Short line railroad in North Texas

The Dallas, Garland & Northeastern Railroad is a short-line railroad headquartered in Garland, Texas. The railroad operates over 170 mi of track in the North Texas region. It is a subsidiary of short-line operator Genesee & Wyoming.

== Routes ==
DGNO consists of three major segments. Significant portions of these routes utilize track leased from Union Pacific or Dallas Area Rapid Transit.

- The northern segment connects McKinney and Sherman. The line extends further north to Denison through trackage rights with BNSF.
- The eastern segment connects Trenton, Greenville, and Garland.
- The western segment connects Dallas (specifically West Dallas), Carrollton, and Lake Dallas, with an additional spur connecting Carrollton to Richardson.

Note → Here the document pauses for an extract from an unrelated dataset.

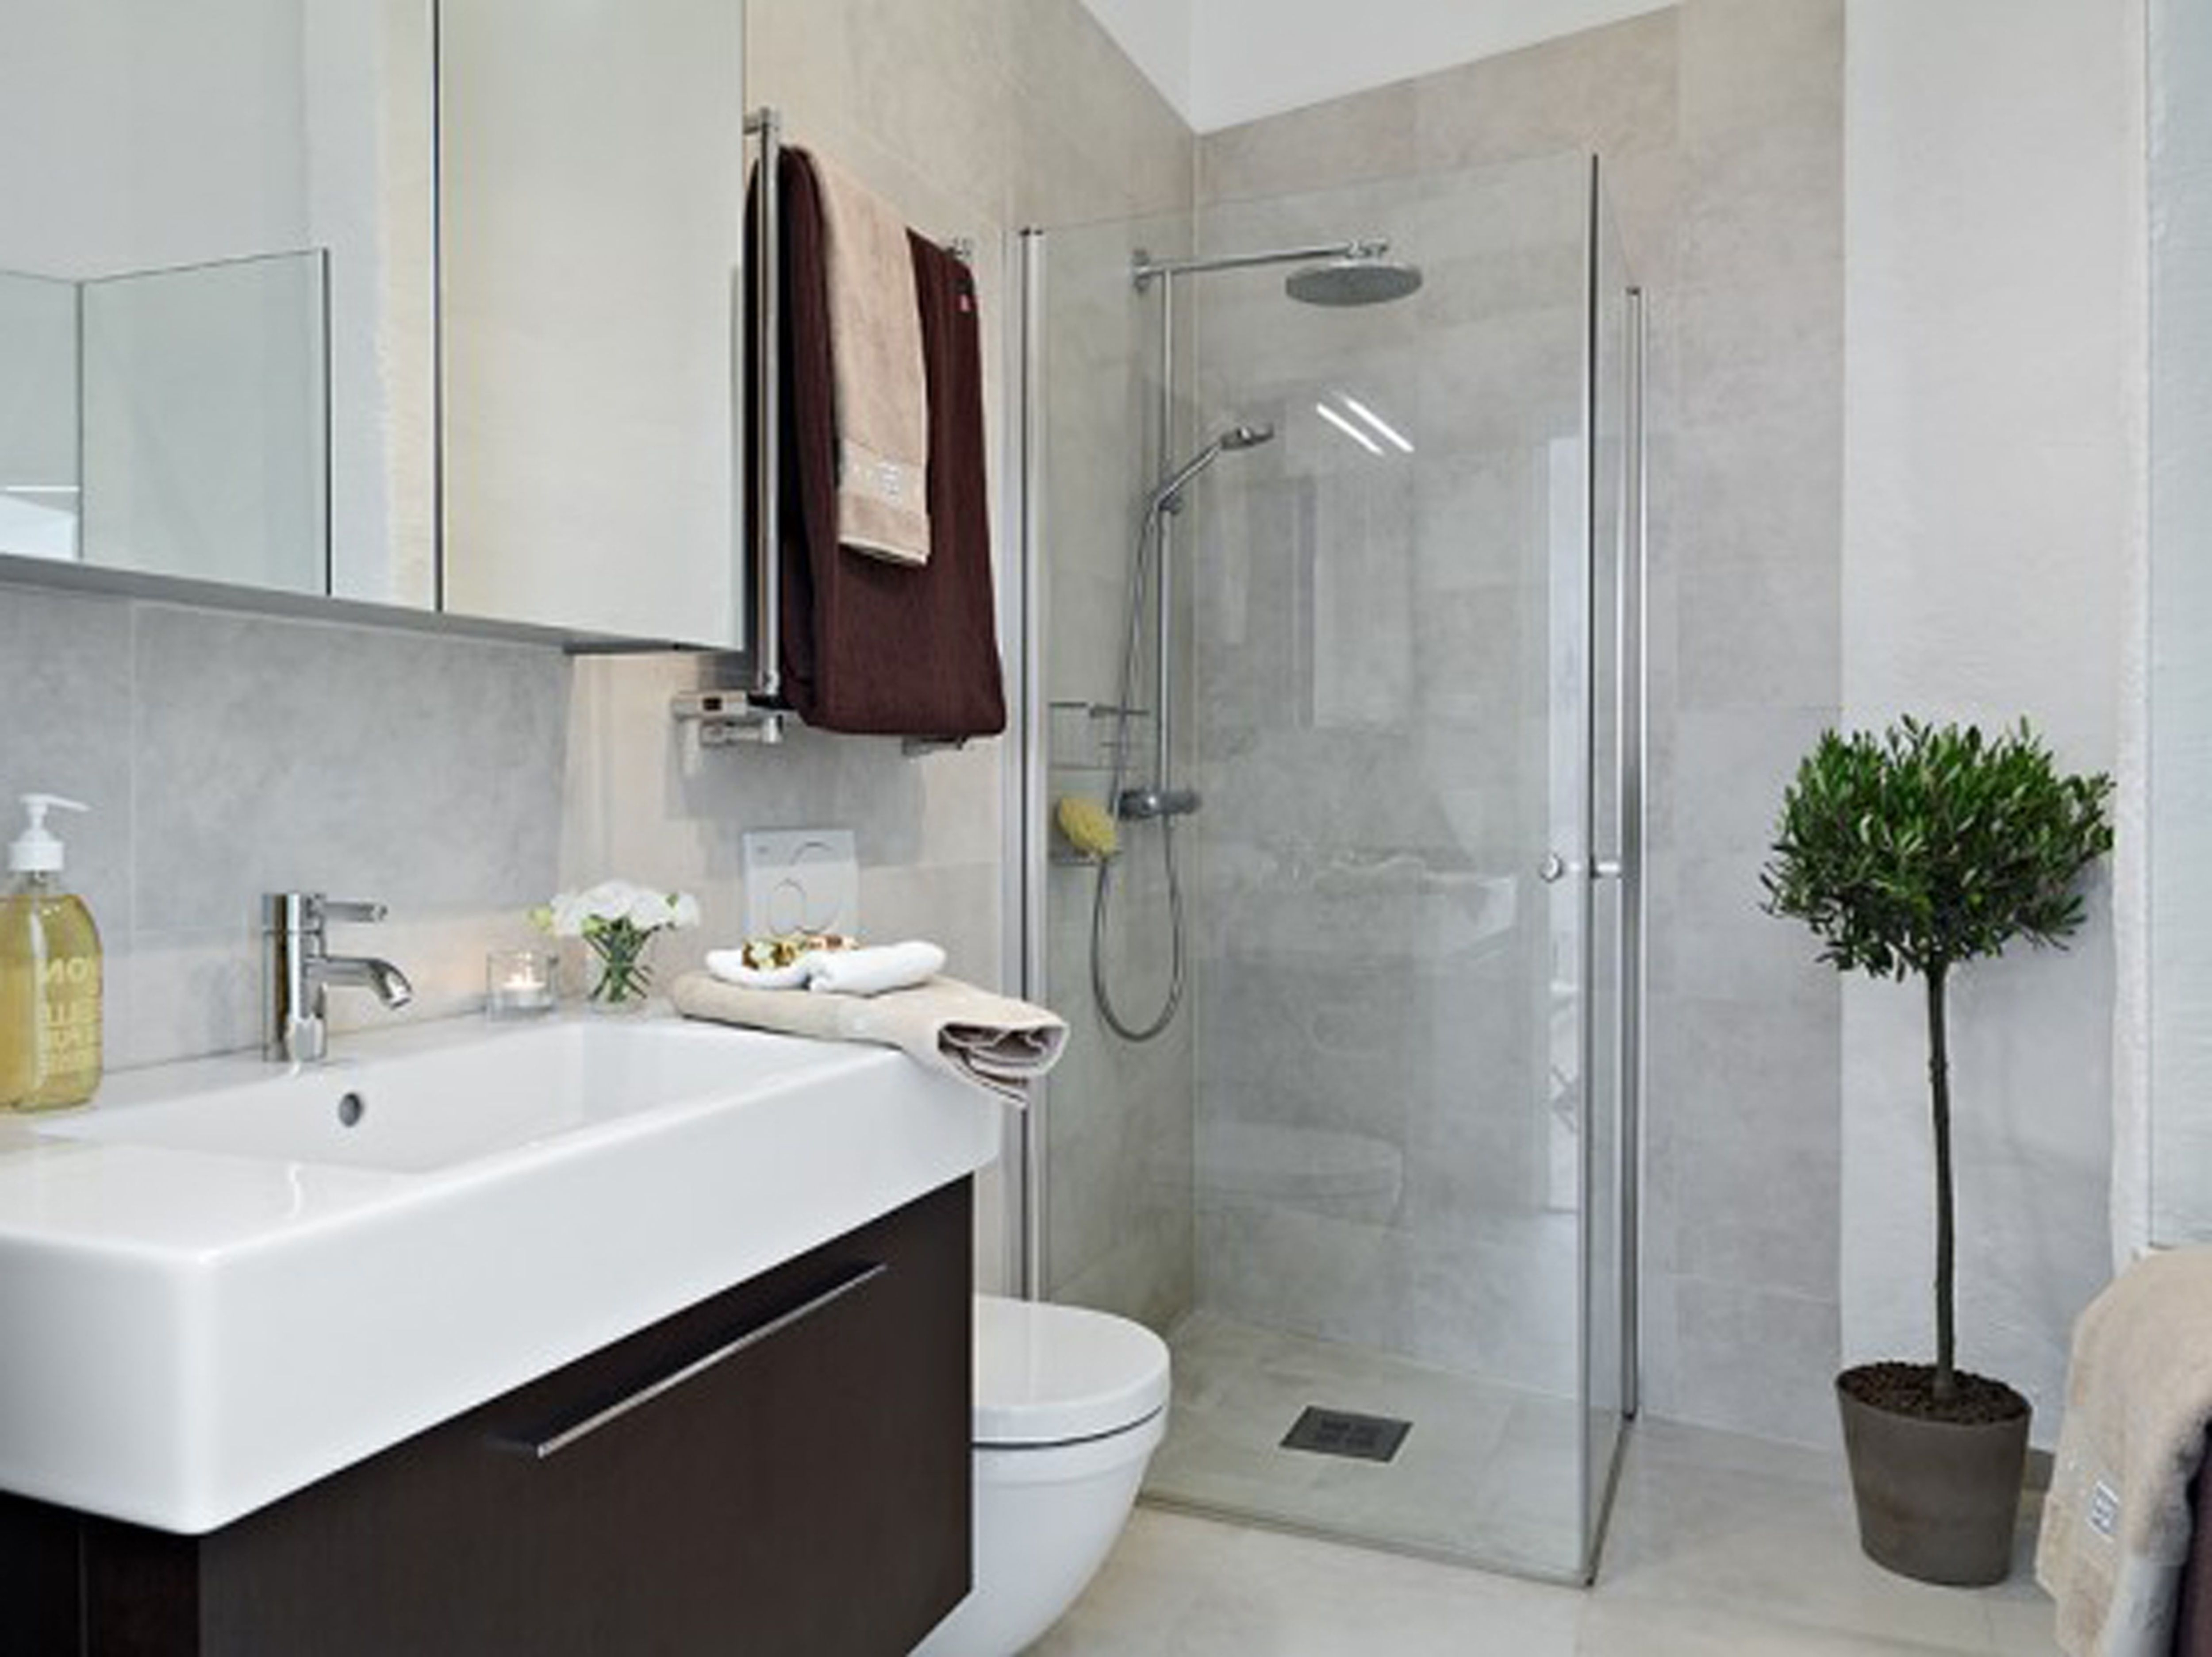 Small Bathroom Design Layout — Randolph Indoor and Outdoor ...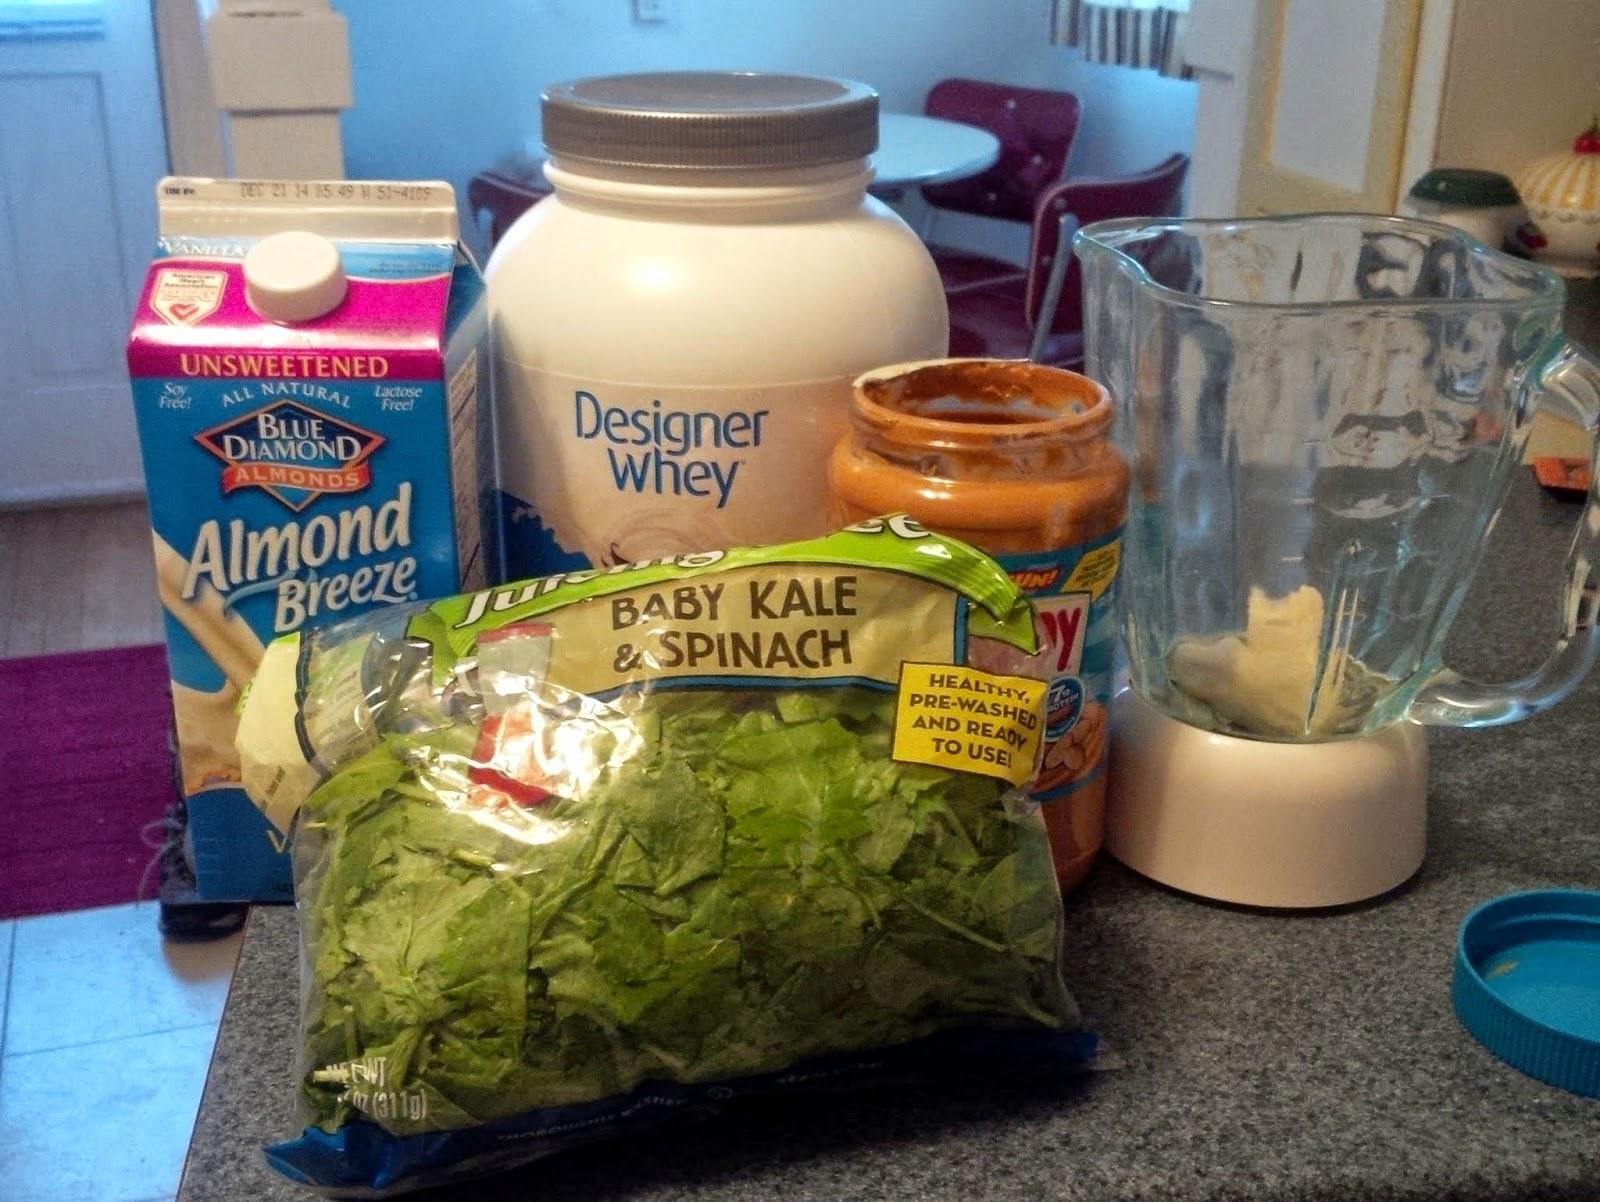 Best post-workout smoothie ingredients

The Texas Northeastern Railroad (which is legally separate but shares operations with DGNO) connects the northern and eastern segments, while a CPKC corridor (which DGNO holds trackage rights to) connects the eastern and western segments. The line interfaces with all three Class I railroads in the area, namely BNSF, CPKC, and Union Pacific.

== History ==
In 1992, short-line operator Rail-Tex announced the creation of DGNO, a 62 mi railroad connecting Garland, Greenville, and Trenton. The railroad would be based in Garland and would operate out of a depot built by the Missouri–Kansas–Texas Railroad (MKT). The proposed right-of-way was owned by Union Pacific; UP sold the Greenville/Trenton segment to Rail-Tex and leased the rest.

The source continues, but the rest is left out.